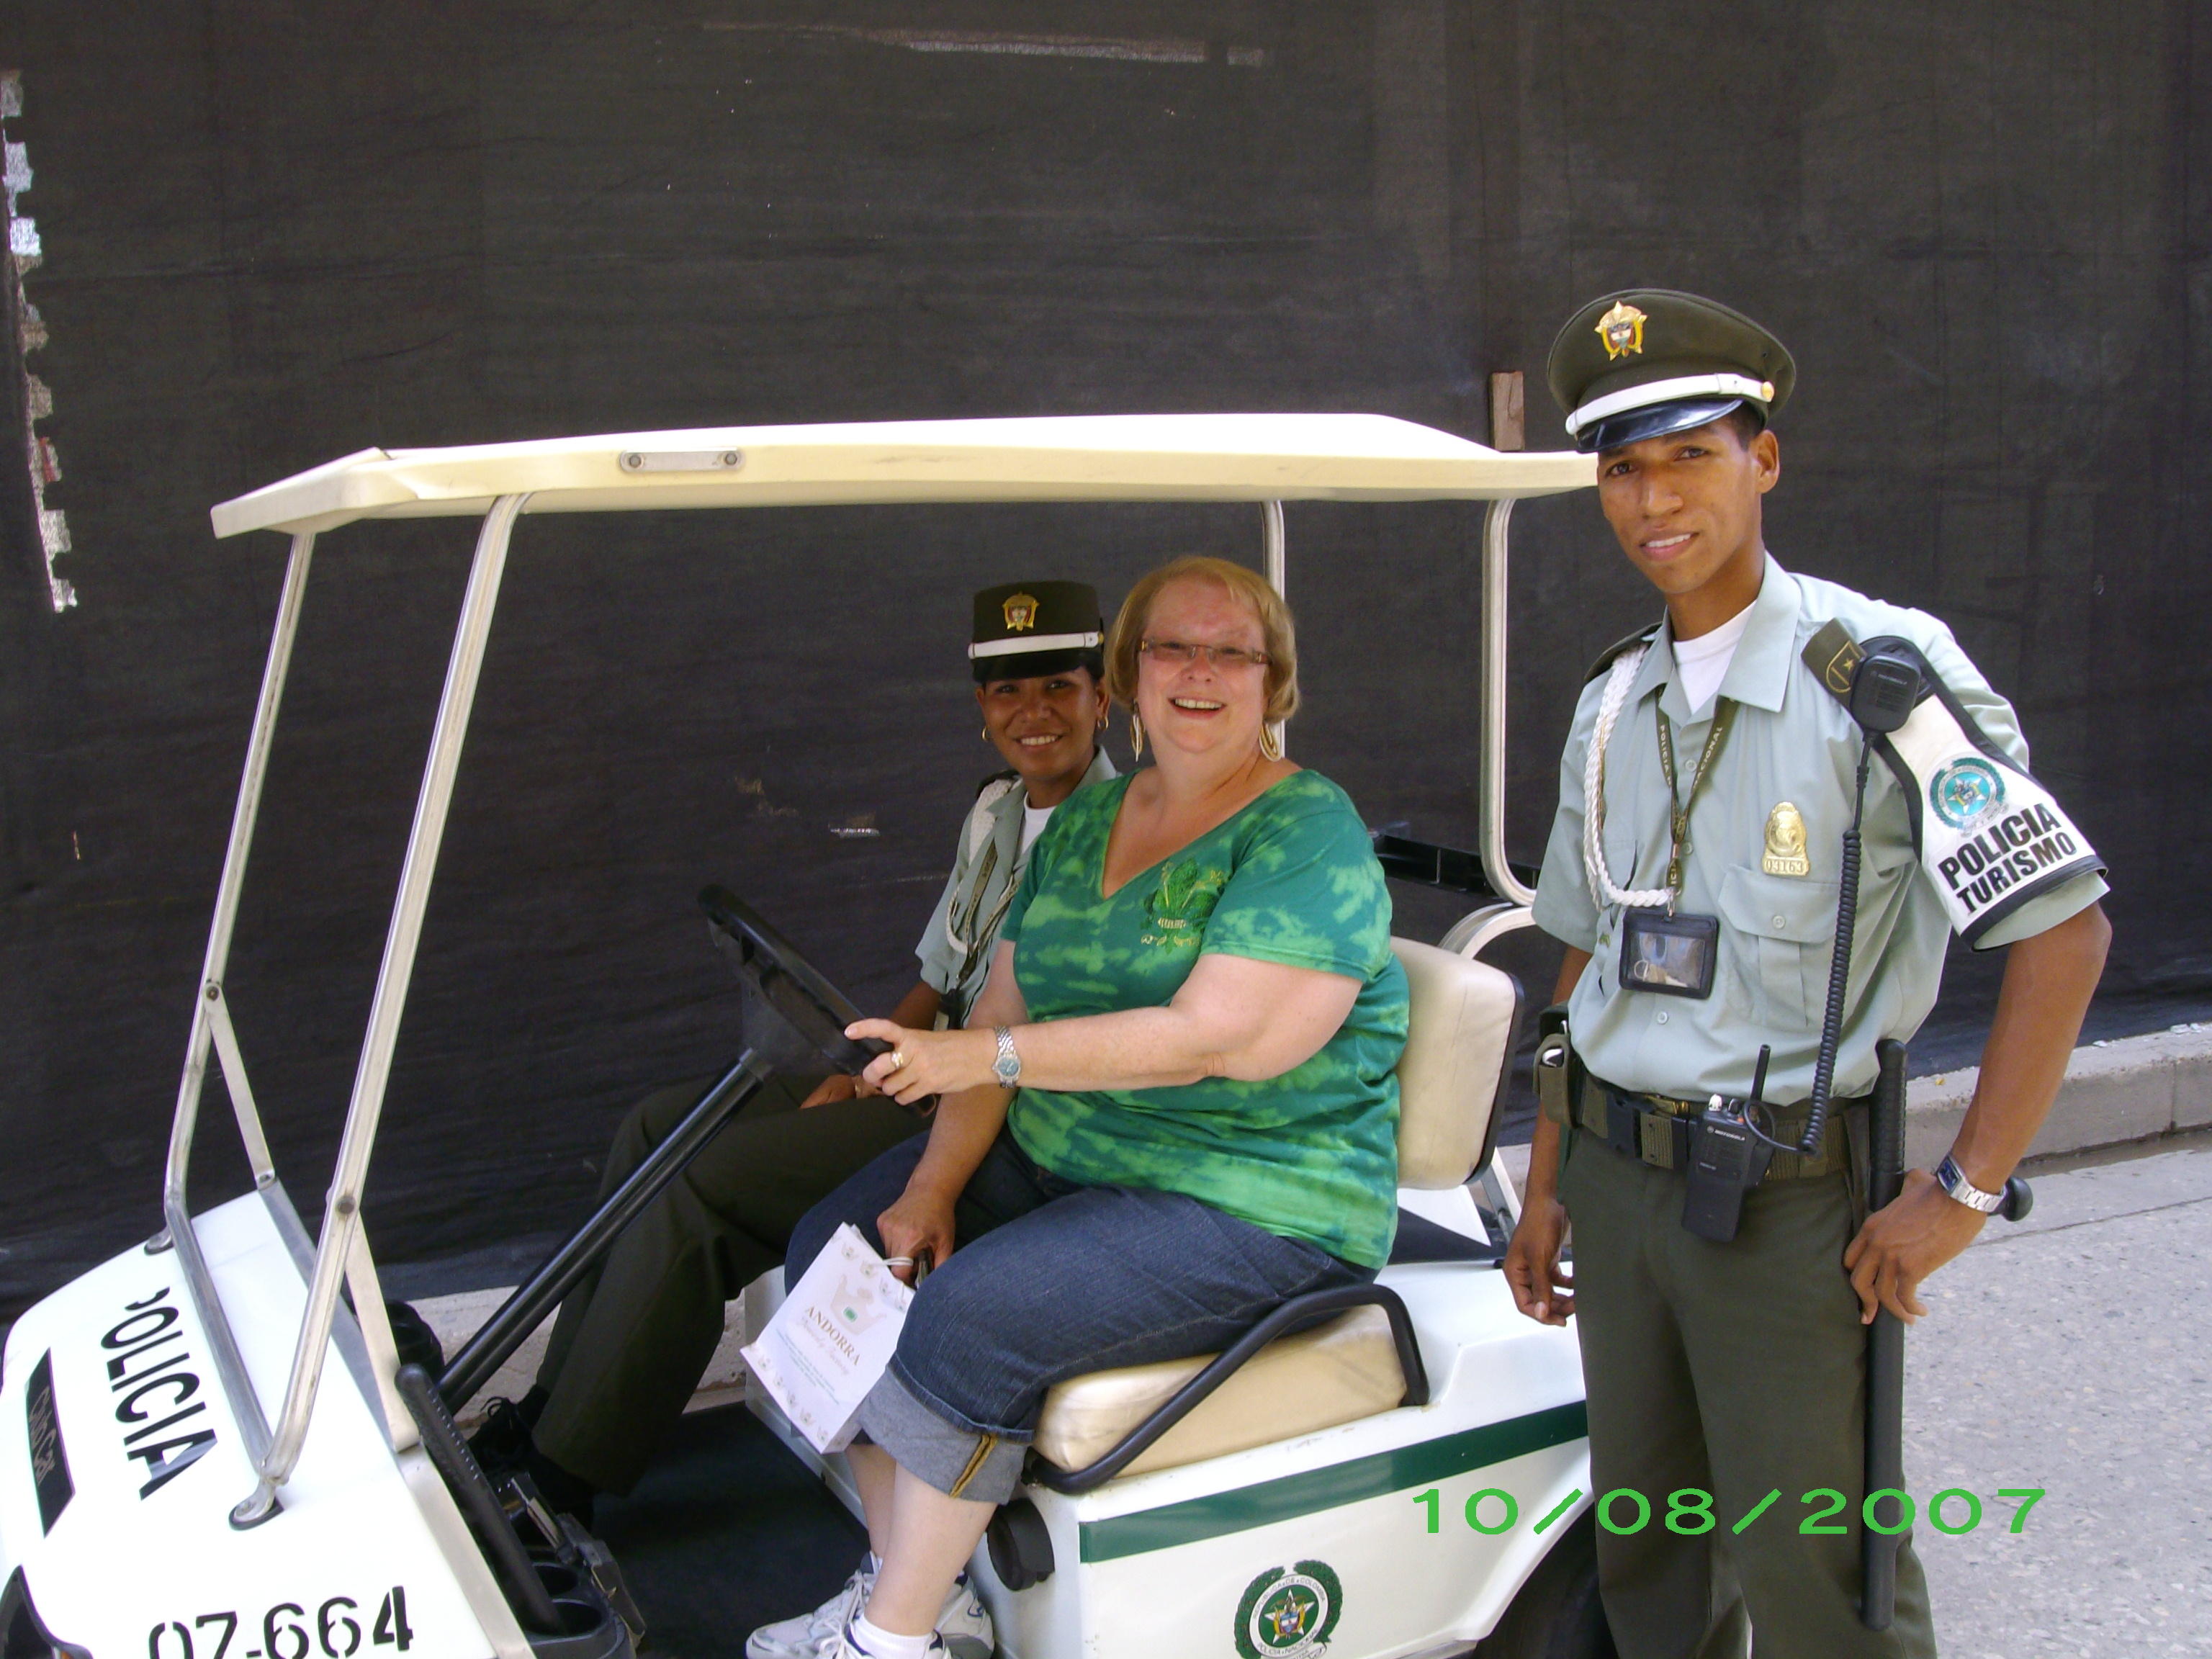 Jean chatting with the Cartagena police
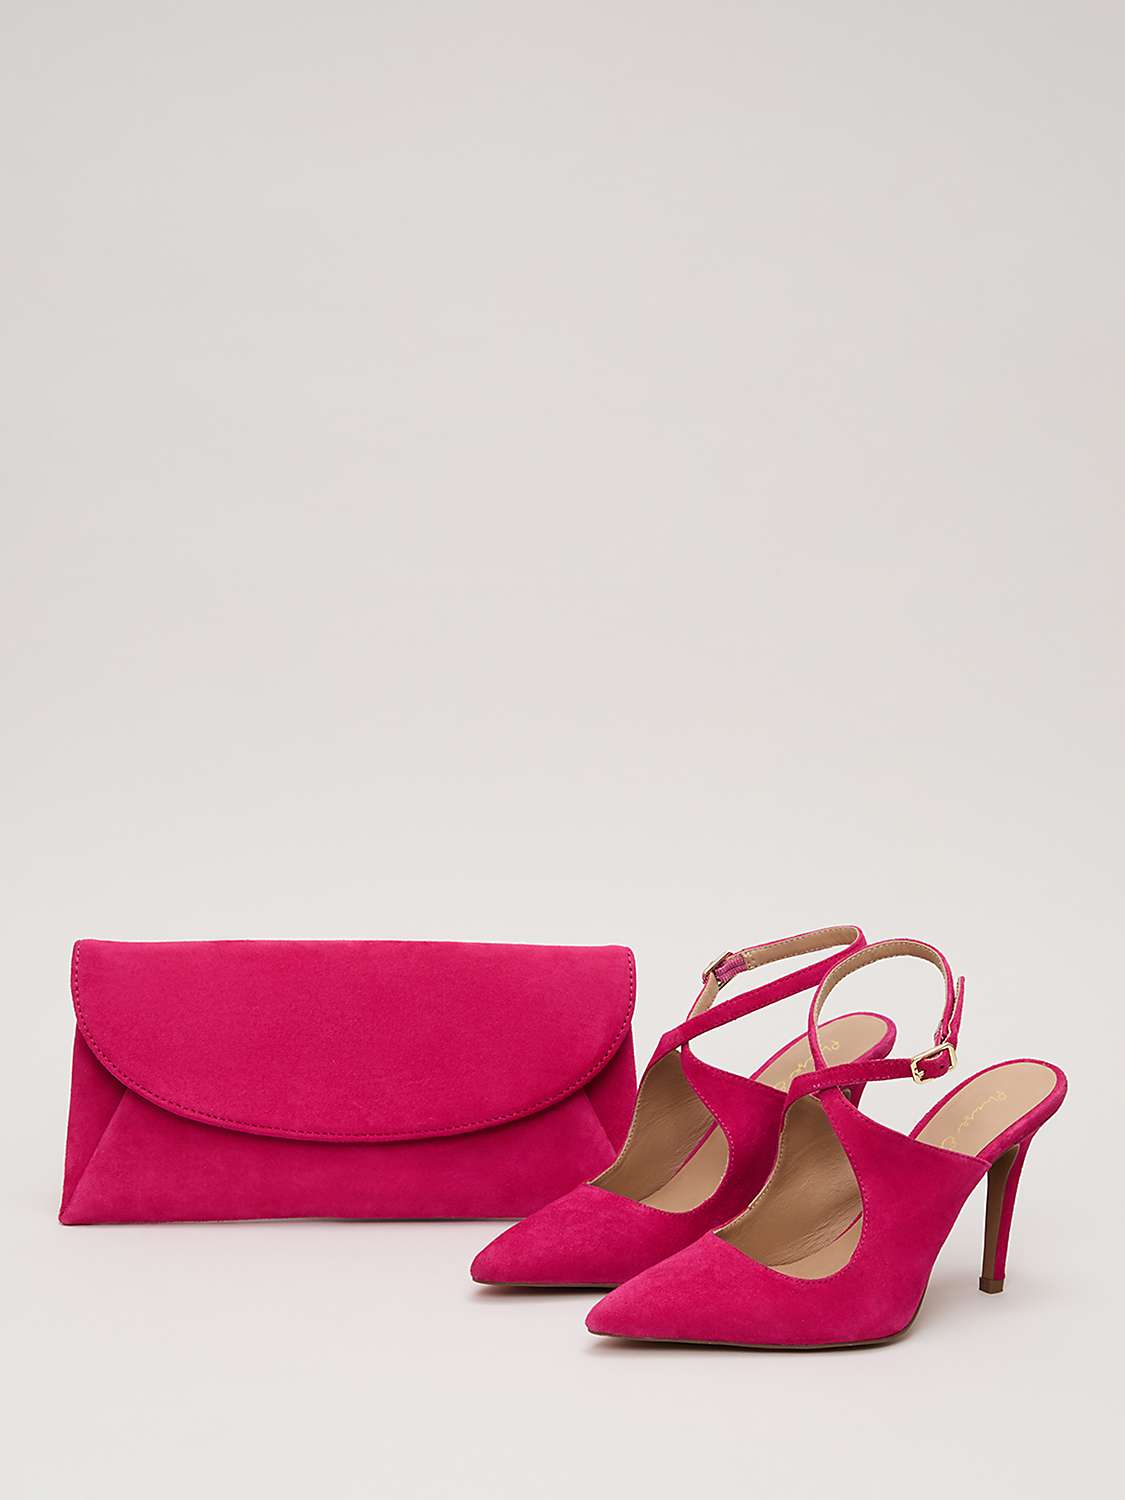 Buy Phase Eight Cross Strap Open Back Suede Shoes, Pink Online at johnlewis.com
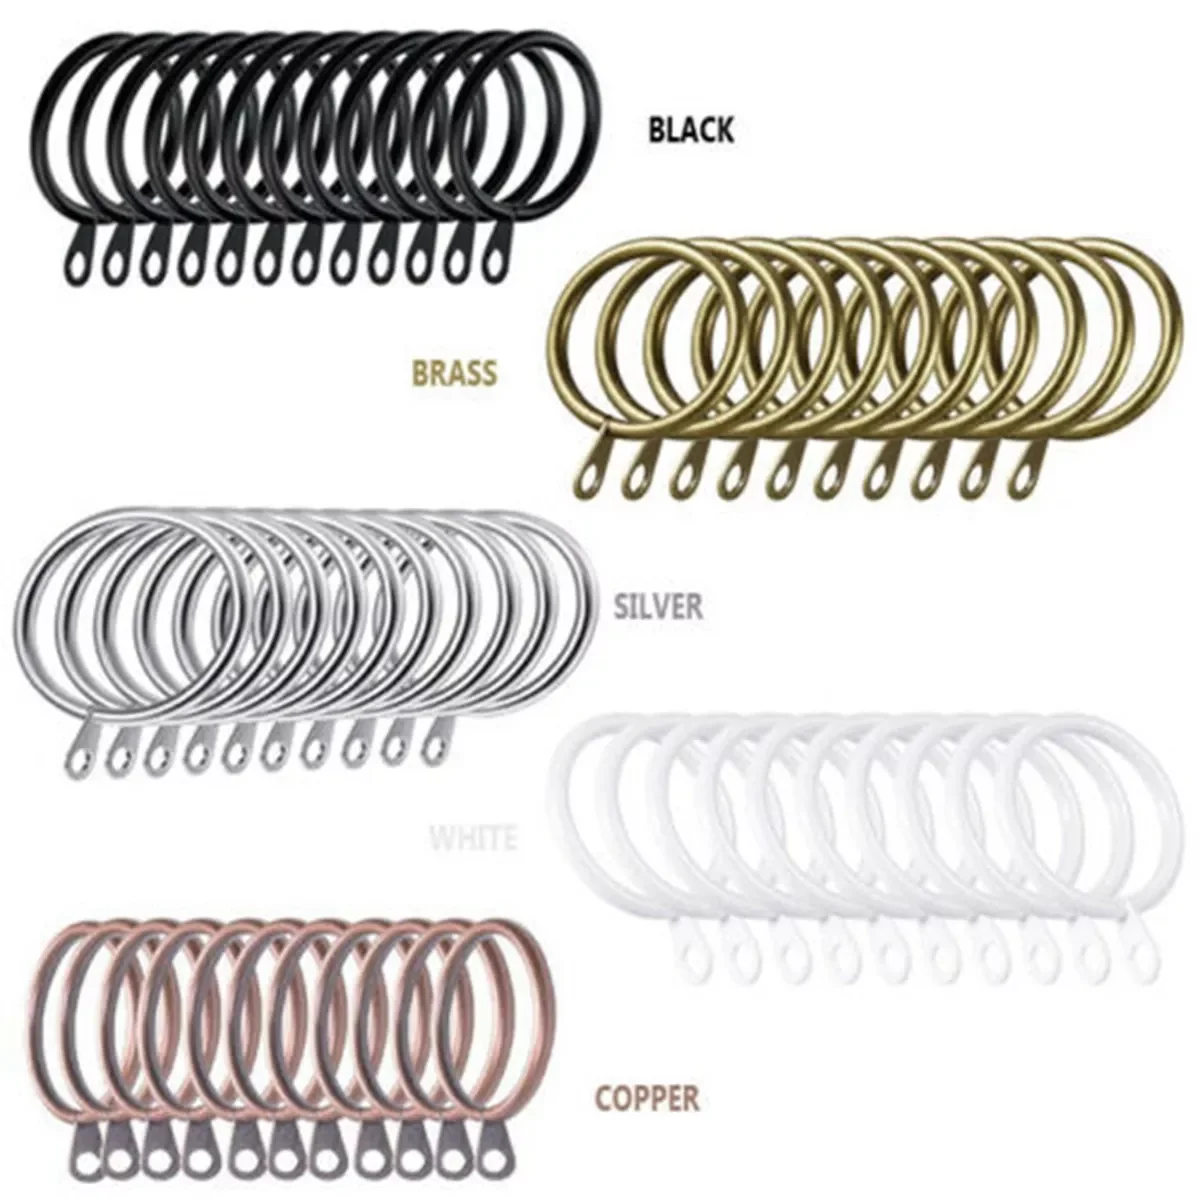 

6/12/24/36/48/60/72/84/96PCS Curtain Rings Metal Curtain Rings Hanging Hooks for Curtains Rods Pole Voile Heavy Duty Rings

# What this task involves:
I would like the material above returned exactly as it stands, without its pictures.

# Answer to this task:
 Jean chatting with the Cartagena police
 Buy Phase Eight Cross Strap Open Back Suede Shoes, Pink Online at johnlewis.com

6/12/24/36/48/60/72/84/96PCS Curtain Rings Metal Curtain Rings Hanging Hooks for Curtains Rods Pole Voile Heavy Duty Rings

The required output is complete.